3 thoughts on “Brexit: Jamaica’s cue to Exit (CARICOM)

  1. Gordon AR Edwards, SR

    A word for the wise: my goodly author needs to research and properly assess the benefits that Jamaica and Jamaicans enjoy in the smaller Caribbean nations by their sheer number presence vis-a-vis employment as a result of the same regionalism that is being imputed. A comparison between China’s and CARICOM’s contribution/support to Jamaica is rediculous for obvious reasons: size, economic resources, market source, etc. One cannot or ought not to forget that Jamaica was the first to withdraw from the West Indies Federation (WIF) that eventually led to the dismantling of the said organization. Even though the WIF fell apart, we cannot forget that it was the same small islands that held together for CARIFTA to happen and later to become the platform for the formation of CARICOM. Hands down, Jamaica has benefited more from CARICOM than any other nation in the organization (check the stats/data on CARICOM trade, people movement, influence/leverage academic institutions, a.k.a. UWI). I’m for the rule: once you leave CARICOM, there should be no return. Twice exit cannot be rewarded by a
    Third opportunity. (Just like the BREXIT, Jamaica had its own JAMEXIT already with West Indies Federation; a JAMEXIT CARICOM, should have permanent implications for Jamaica this time.

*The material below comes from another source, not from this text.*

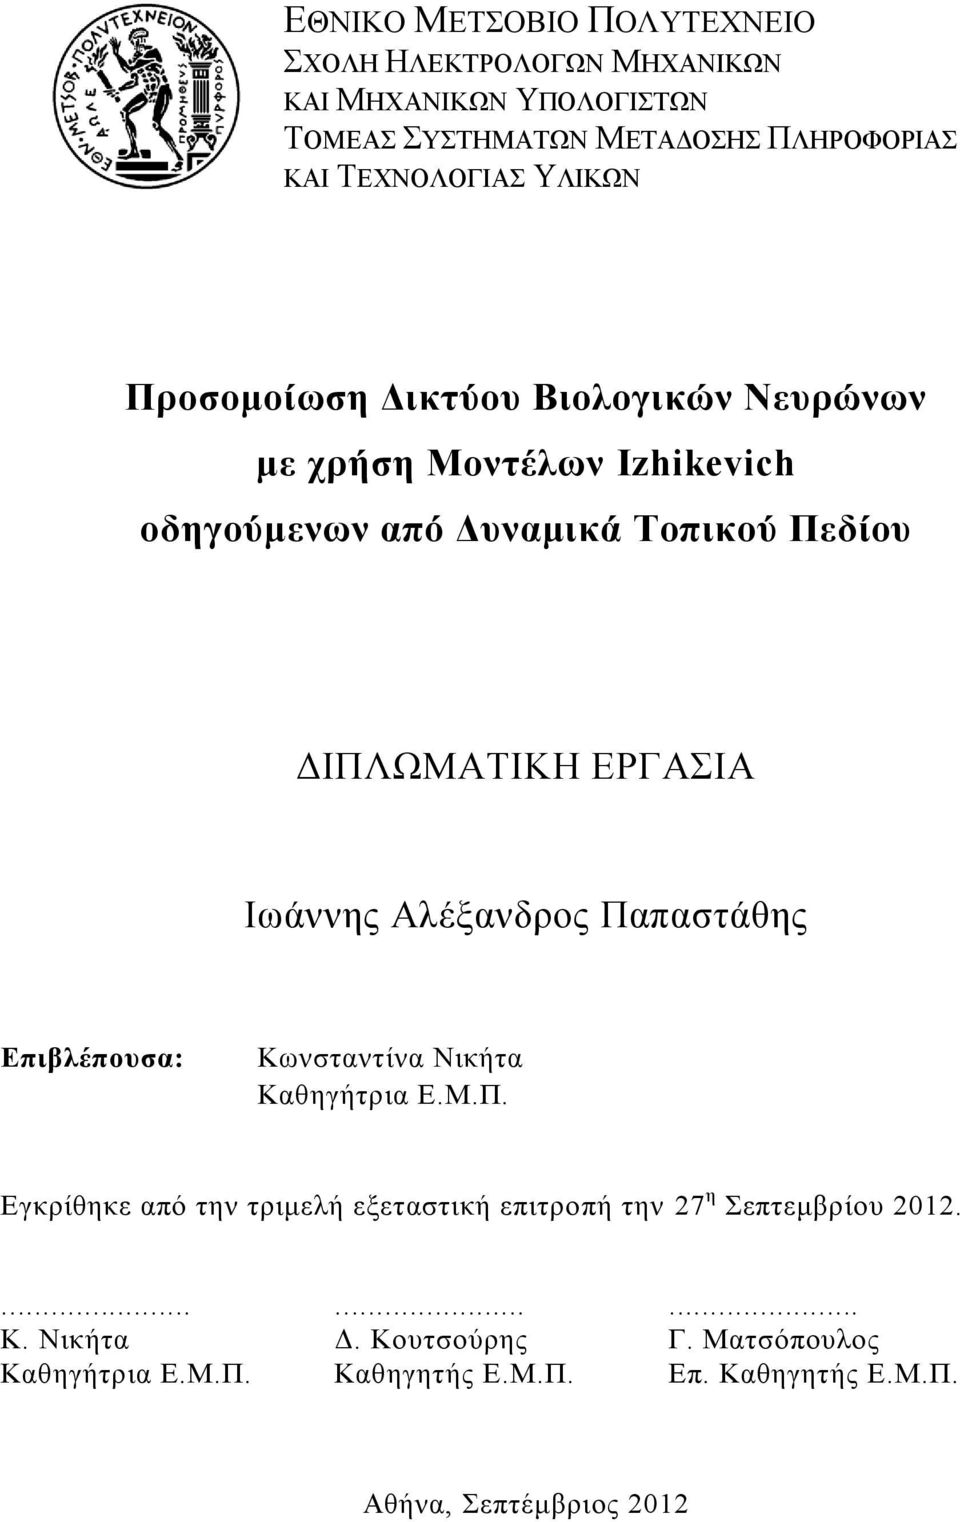 Ιωάννης Αλέξανδρος Παπαστάθης Επιβλέπουσα: Κωνσταντίνα Νικήτα Καθηγήτρια Ε.Μ.Π. Εγκρίθηκε από την τριμελή εξεταστική επιτροπή την 27 η Σεπτεμβρίου 2012.

    1. jamaicangirl Post author

      Hi Gordon, Thank you for your commentary and your perspective; greatly appreciated and I welcome the discussion. I have in fact done some research, including some on the WIF, etc. My stance is on future relations as the hostility continues to brew between “partnered” Caribbean nations. I understand fully the benefits of being a part of CARICOM, but what I have noticed is that we are heading towards a stalemate with some of our counterparts, making our agreement a farce. The example about China was used to highlight the direction within which the region is headed, and based on this trajectory, it does not appear to be a favourable path. My stance is whether T & T and Antigua & Barbuda will be held accountable for their obvious breach of the CARICOM treaty and work on the biases that exist against their neighbours (incl. Haiti with regards to T & T); if not, I believe the organization serves very little purpose.

    2. Sham

      Think that you are mixing up facts. Jamaica accounts for over 34 percent of intra-regional imports while Trinidad and Tobago accounts for over 70 per cent of both regional and international exports. Jamaica has experienced a marked decline in its exports, while becoming the largest intra-CARICOM importer of goods. Also, Jamaica hardly grew at all from the year 1994-2004 while being a part of CARICOM. In addition, the CARICOM market has not been favorable, exports from Jamaica to other CARICOM member states from 2000-2002 has only account for 5-7 percent along with Belize and Suriname. Jamaica is being mistreated by other countries because of maybe jealousy. and don’t forget the Shaniqua Myrie care because that was just 1 of many. it is not right for Jamaica to be pushed around the way they are now and on that grounds its either they fix that within the CSME or Jamaica leaves. Jamaica is not benefiting at all.